Ukraine's state-owned nuclear power company Energoatom has launched the construction of two new units (units 5 and 6) at the Khmelnytskyi nuclear power plant in western Ukraine. The fifth unit, for which the first concrete cube has already been laid, will be the first power unit in the country that will use Westinghouse AP1000 technology (reactors of more than 1.1 GW each).

The Khmelnitsky nuclear power plant currently includes two 950 MW (1,000 MW gross) VVER V-320 reactors commissioned in 1988 and 2005 and two 1,035 MW (1,089 MW gross) VVER reactors are under construction.

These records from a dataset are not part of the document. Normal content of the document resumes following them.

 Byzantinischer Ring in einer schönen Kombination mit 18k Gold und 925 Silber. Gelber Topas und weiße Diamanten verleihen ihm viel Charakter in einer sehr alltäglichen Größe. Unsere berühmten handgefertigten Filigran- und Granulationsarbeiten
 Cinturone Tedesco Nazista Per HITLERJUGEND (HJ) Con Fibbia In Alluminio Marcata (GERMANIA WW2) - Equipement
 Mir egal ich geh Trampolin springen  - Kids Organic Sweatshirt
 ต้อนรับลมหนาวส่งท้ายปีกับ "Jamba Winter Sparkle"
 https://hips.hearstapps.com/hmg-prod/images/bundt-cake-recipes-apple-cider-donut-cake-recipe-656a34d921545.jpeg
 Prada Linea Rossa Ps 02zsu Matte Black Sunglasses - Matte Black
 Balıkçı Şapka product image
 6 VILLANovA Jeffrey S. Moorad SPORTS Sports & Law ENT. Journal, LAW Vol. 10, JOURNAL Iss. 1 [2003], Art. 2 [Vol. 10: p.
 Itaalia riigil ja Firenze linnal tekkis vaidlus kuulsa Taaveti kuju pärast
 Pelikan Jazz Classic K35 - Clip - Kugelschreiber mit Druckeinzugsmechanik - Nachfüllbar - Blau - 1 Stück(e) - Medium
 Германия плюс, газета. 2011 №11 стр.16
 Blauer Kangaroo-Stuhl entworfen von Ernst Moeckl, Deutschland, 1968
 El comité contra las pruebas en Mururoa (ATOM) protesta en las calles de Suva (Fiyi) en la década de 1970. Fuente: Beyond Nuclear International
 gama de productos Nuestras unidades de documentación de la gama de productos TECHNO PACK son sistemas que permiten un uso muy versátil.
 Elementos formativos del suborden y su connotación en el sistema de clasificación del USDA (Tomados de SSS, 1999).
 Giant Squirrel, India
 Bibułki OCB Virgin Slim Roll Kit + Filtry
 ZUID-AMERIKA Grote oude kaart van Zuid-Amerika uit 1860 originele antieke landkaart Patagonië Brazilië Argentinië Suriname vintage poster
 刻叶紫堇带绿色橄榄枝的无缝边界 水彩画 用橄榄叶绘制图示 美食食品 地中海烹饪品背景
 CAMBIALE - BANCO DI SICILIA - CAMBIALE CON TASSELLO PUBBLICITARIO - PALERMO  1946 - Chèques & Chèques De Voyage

Construction on those units began in 1986 and 1987, was stopped in 1990 and resumed in 2020 (in 2016, Korea Hydro & Nuclear Power (KHNP) signed an agreement to resume the project). 

In January 2024, the Ukrainian Ministry of Energy announced plans to start building four new nuclear reactors before the end of 2024 to make up for the lost capacity due to the Russian invasion and takeover of the 6 GW Zaporizhzhia nuclear plant in southern Ukraine. Two of the new units would be based on Russian-made equipment that Ukraine wants to import from Bulgaria, while the other two would use Westinghouse techonologies. All four new reactors would be built at the Khmelnytskyi nuclear power plant. 

 In 2022, nuclear represented 25% of Ukraine’s installed capacity with nearly 14 GW and 56% of its power generation.